Google seems to care. You can see it here: http://www.google.com/ads/preferences/

An optimist would say that's exposed so you can wipe it clean, a pessimist would say that's exposed so you can refine your profile to be better advertised to.

There's a whole spectrum of user data with varying value to advertisers. Google already rocked search big time and now they're on to the rest of the online advertising budget.

Ad networks (like me!) use demographic, psychographic, and behavioral data to target most display ad campaigns. I have run campaigns specifically sold as "market to Nigerian immigrants living in America" or "moms 25-35 interested in beauty products." And even when not specifically targeting those audiences, one can often find surprising performance pockets from these audience intersections- good for my performance and useful info to bubble back up to the advertiser.

And... guess who's the current biggest display ad platform?

yup: http://www.google.com/doubleclick/

And why should we trust you (or Google etc) with our data? Perhaps you (they) will exploit our ignorance and manipulate our preferences?

Not everyone in the world can be assured their human rights and exposing personal information can lead to persecution. Therefore, there is a risk attributed to this data collection, at least for some. Not everyone is willing or able to take these risks.

While I can agree that this data may be useful for both customer and advertiser, its potential misuse should not be ignored. And when these networks deny the use of pseudonyms, they force their users to take (unnecessary) risks.

For sure. But parent was wondering why Google cares about our data- so I'm explaining why that is.

I would like to see some studies on the effectiveness of the various targeting criteria. Sometimes i think marketers obsess on targeting criteria that may not be so effective, missing other psychological effects. For example, i thought google's idea of showing you the same ad across websites to make a lasting impression was a no-brainer, yet it was missing for years. Also what about other factors such as time-of-day, or recently clicked ads?

If it's worth a few billions to Facebook, it's worth a few billions to Google.

That's not true; the law of diminishing returns applies.

In this case the law of diminishing returns is offset by the massive movement from TV-based advertising to web-based advertising. As long as TV loses add dollars, there will be plenty of "rising tide" to lift both Facebook and Google in terms of increased advertising revenues.

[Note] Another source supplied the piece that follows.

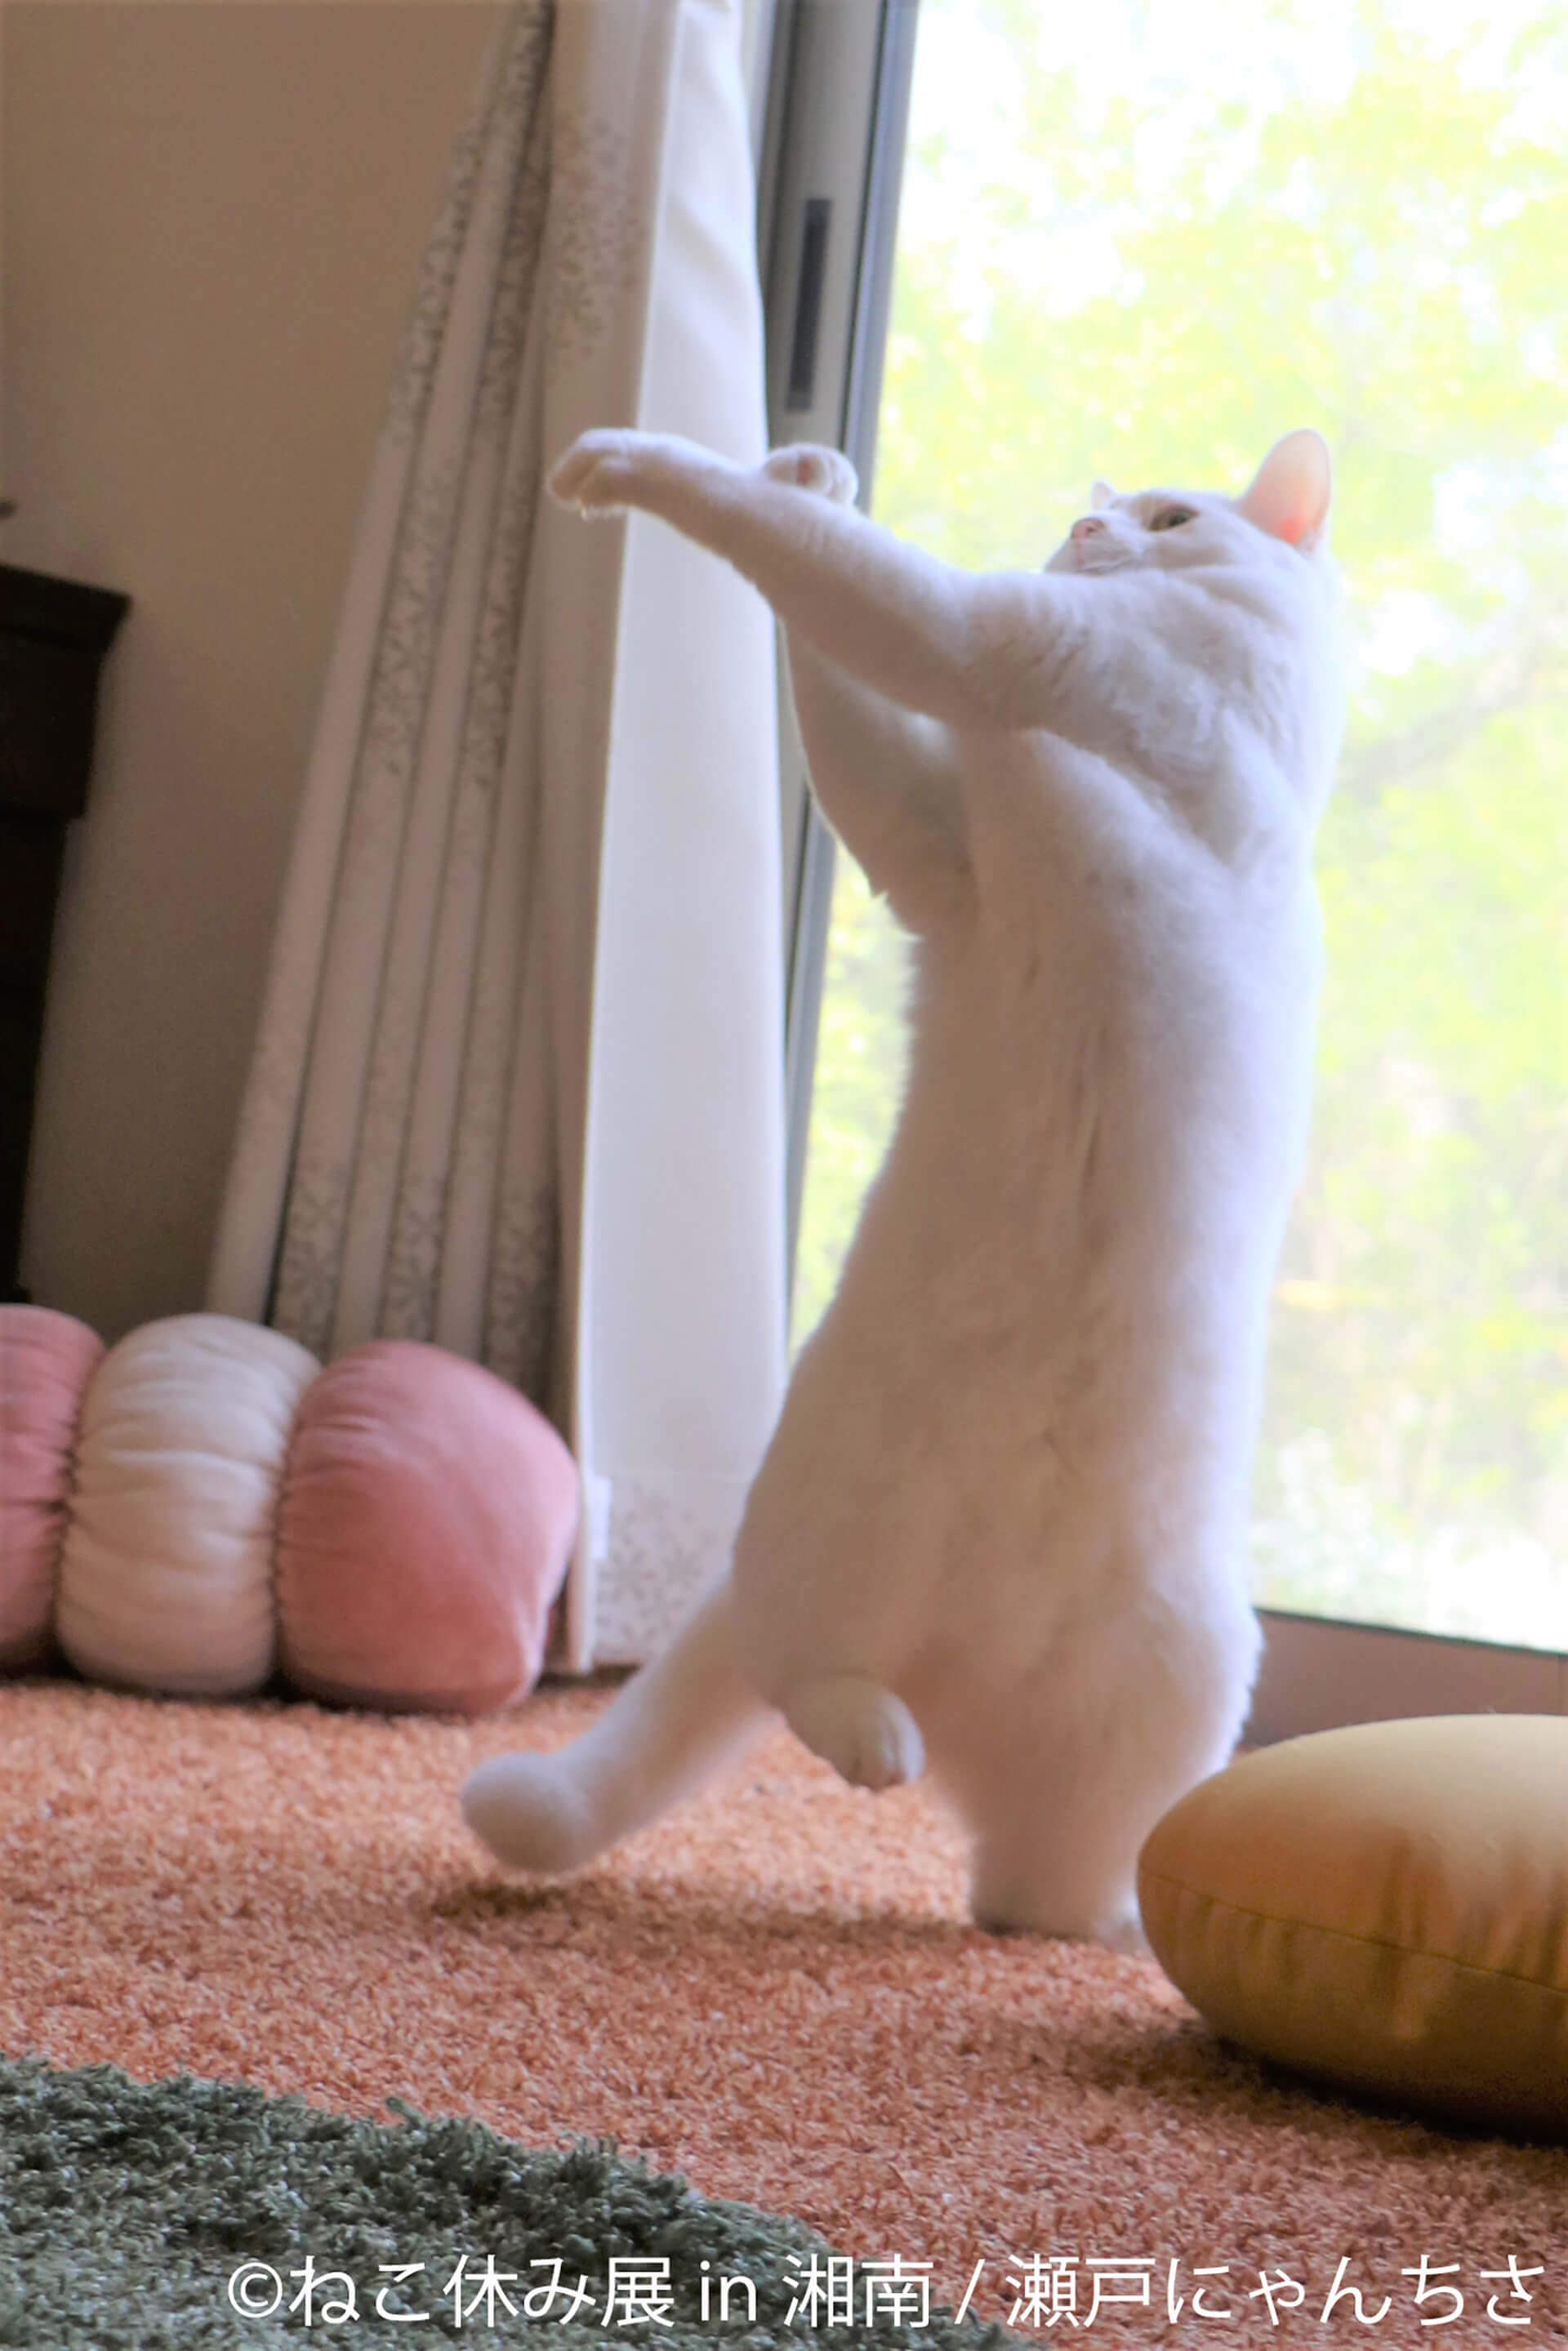 この写真はねこ休み展 in 湘南の展示作品で、日本の足で立ち上がる猫です

On the flip side, that's a confounding factor that makes it hard to compare Facebook to Google in terms of some type of battle for advertising dollars. For the time being they should both see revenue growth, irregardless of who does a better job.

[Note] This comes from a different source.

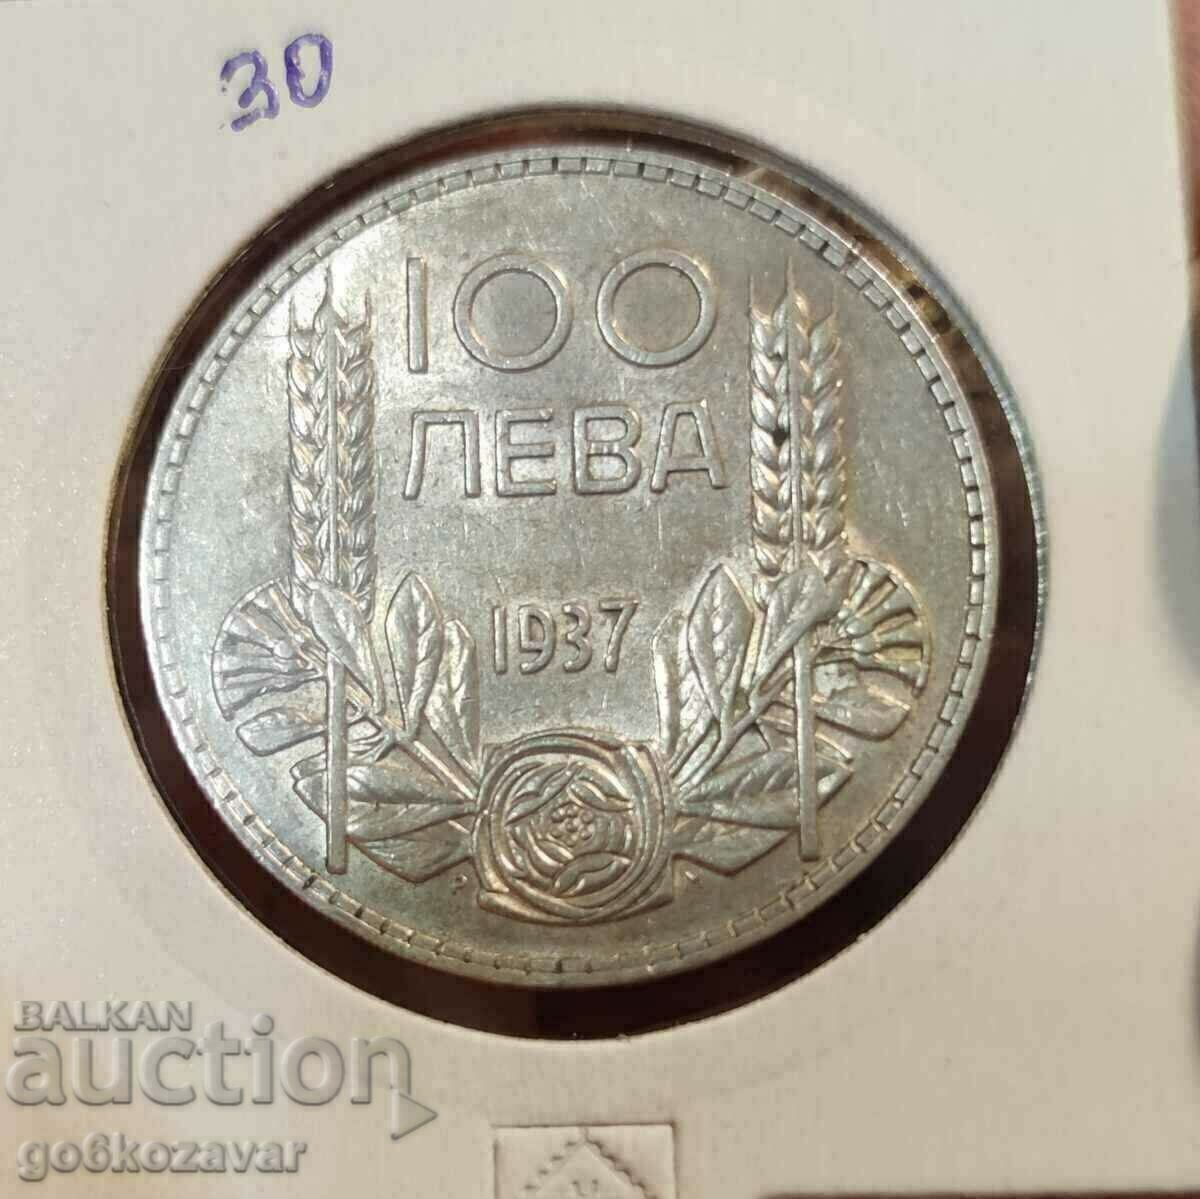 България 100лв 1937г Сребро.Хубава монета за колекция!

How? Advertisers are always looking to show targeted ads

Perhaps if several social sites offer targeted ads with the same level of precision it may decrease the ads' prices since the ads budget won't grow accordingly ? (then it would mean that people are using several services at the same time and not migrating from one to another)

Google's customers do care about better targeting, and don't give a damn about google's reputation. If google gives them inferior product they'll lose money. But worse , they'll open an opportunity for a competitor.

Google understands that ignoring competitors , even niche ones , can be a long term risk. So they work on controlling all the advertising market. I think that's also the biggest reason behind Android: google makes very little money with it. But it's a great defensive strategy.